__RECORDS SUPPLIED__.
################
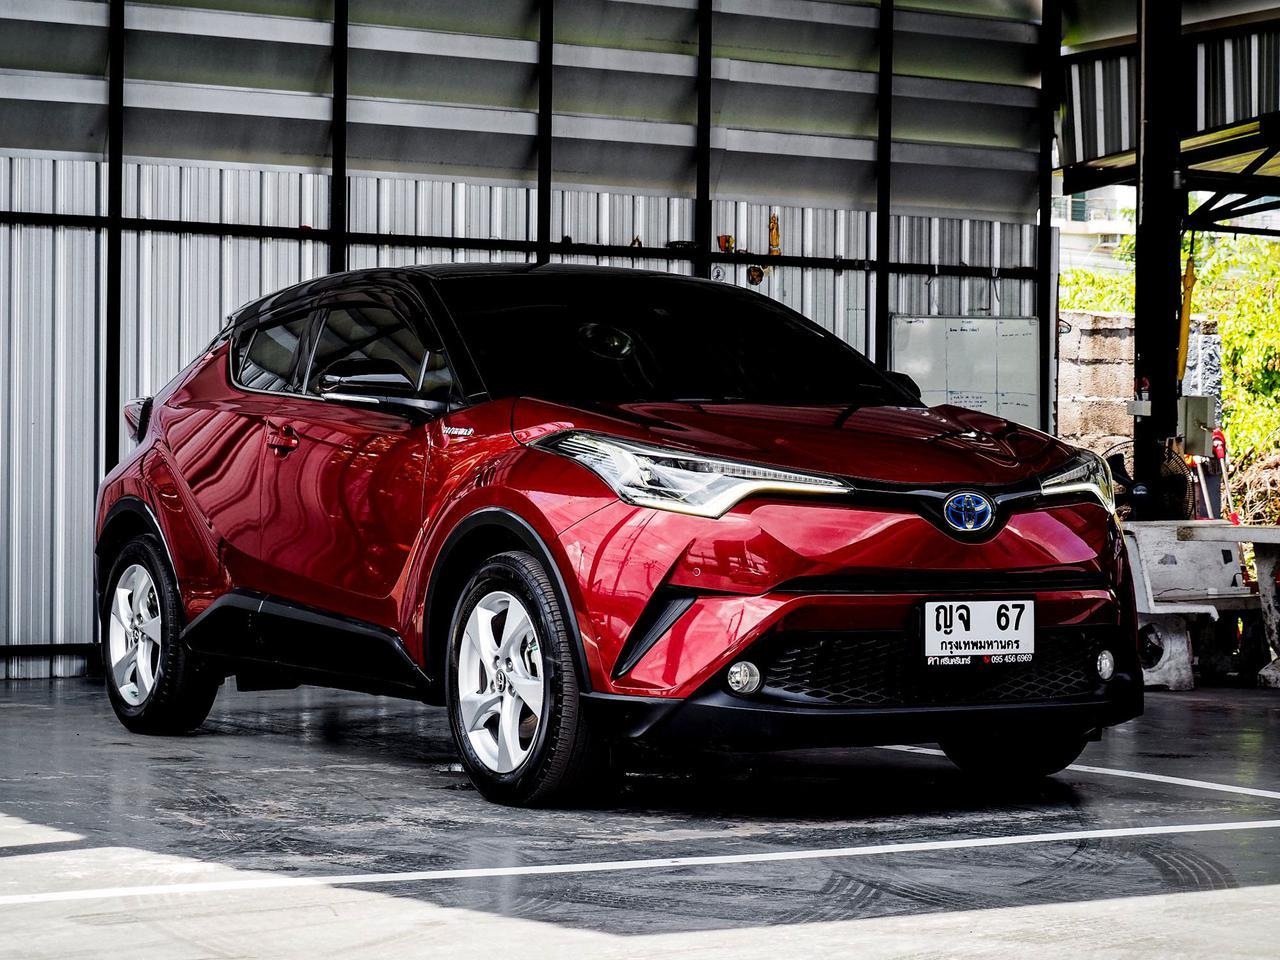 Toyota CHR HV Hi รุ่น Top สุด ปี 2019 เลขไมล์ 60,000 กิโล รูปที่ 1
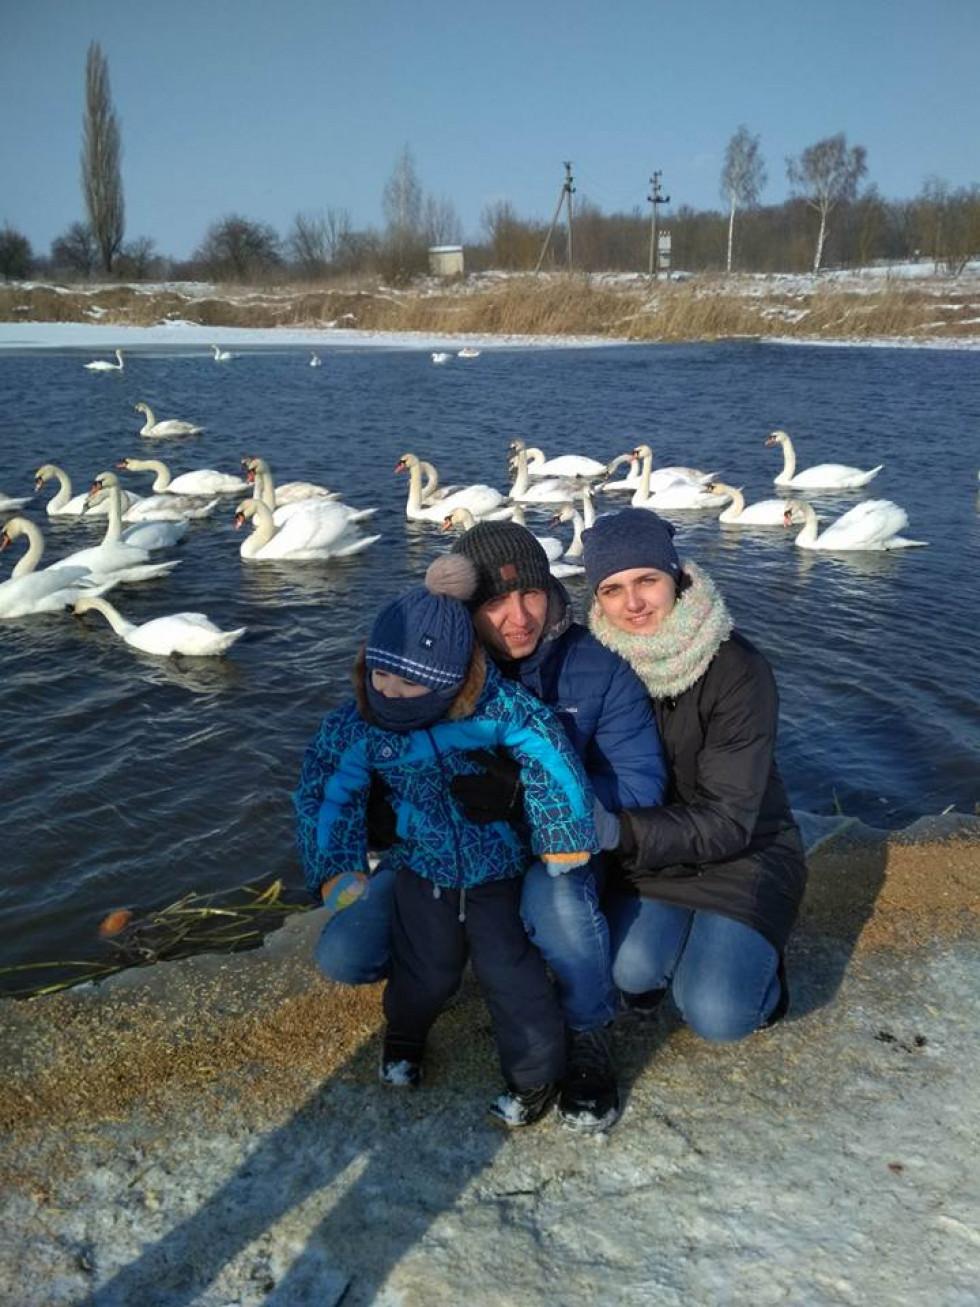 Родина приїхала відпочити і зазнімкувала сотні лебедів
################
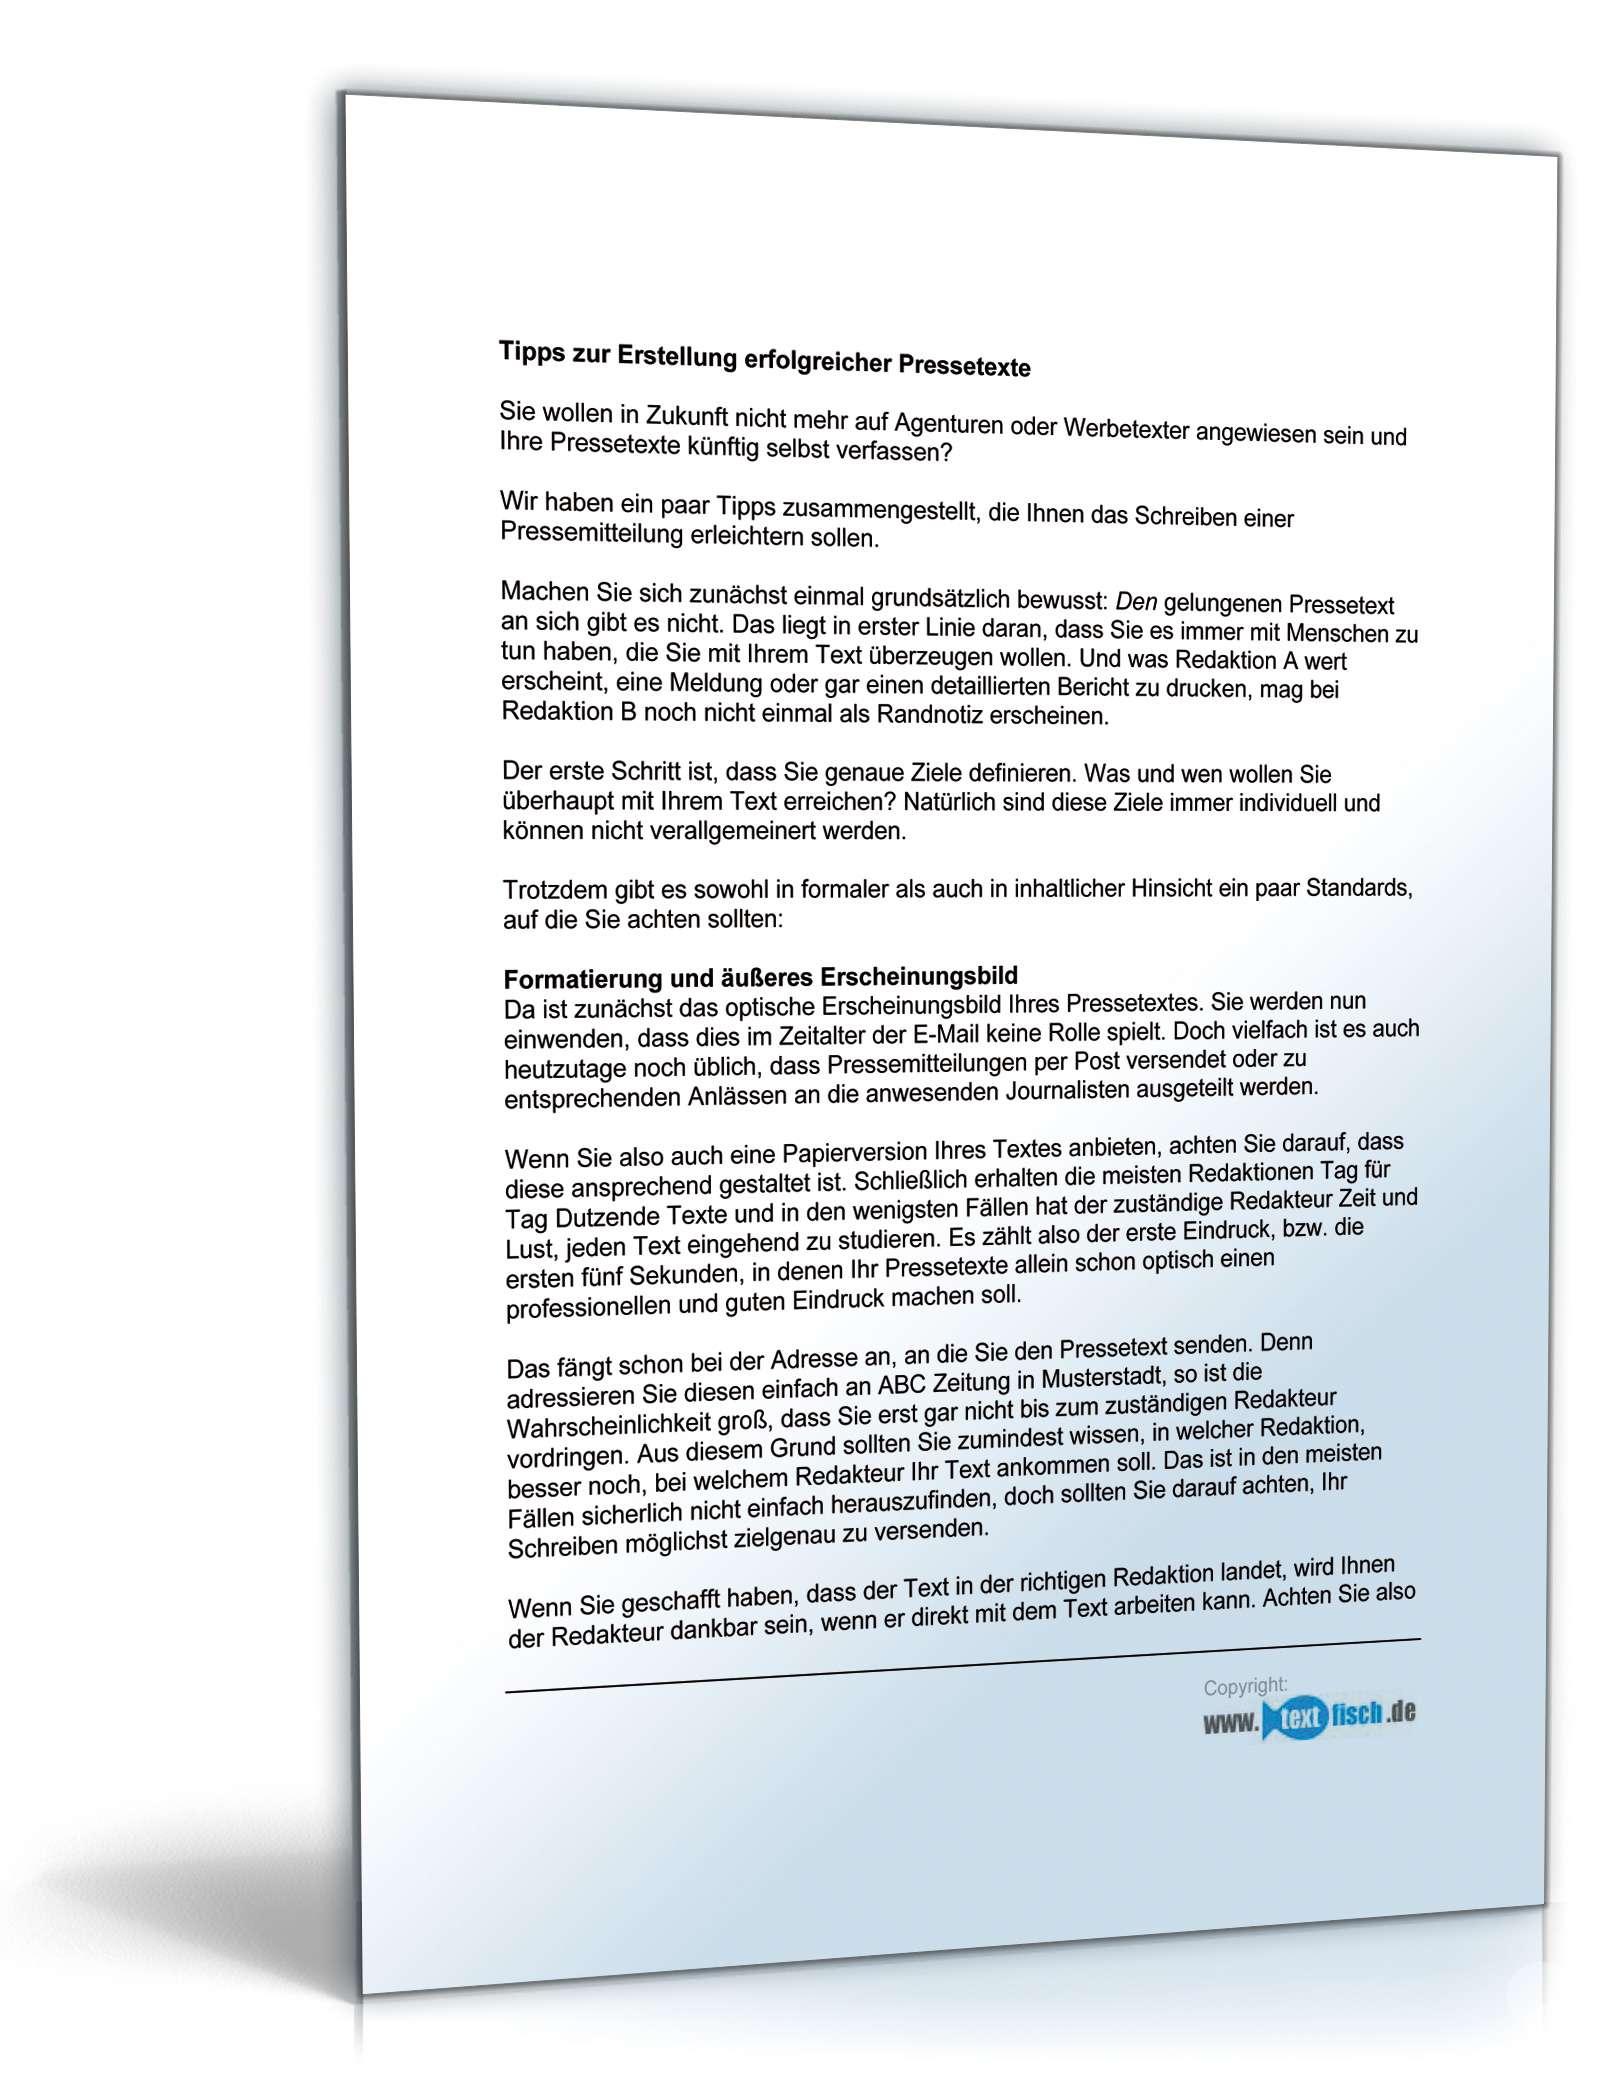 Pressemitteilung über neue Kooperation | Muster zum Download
################
__DIRECTIONS__. In the listing above, find the line containing "Toyota CHR HV" and the line containing "Родина приїхала відпочити", then return both of them and every line between, exactly, without pictures.

__FINISHED EXERCISE__.
 Toyota CHR HV Hi รุ่น Top สุด ปี 2019 เลขไมล์ 60,000 กิโล รูปที่ 1
 Родина приїхала відпочити і зазнімкувала сотні лебедів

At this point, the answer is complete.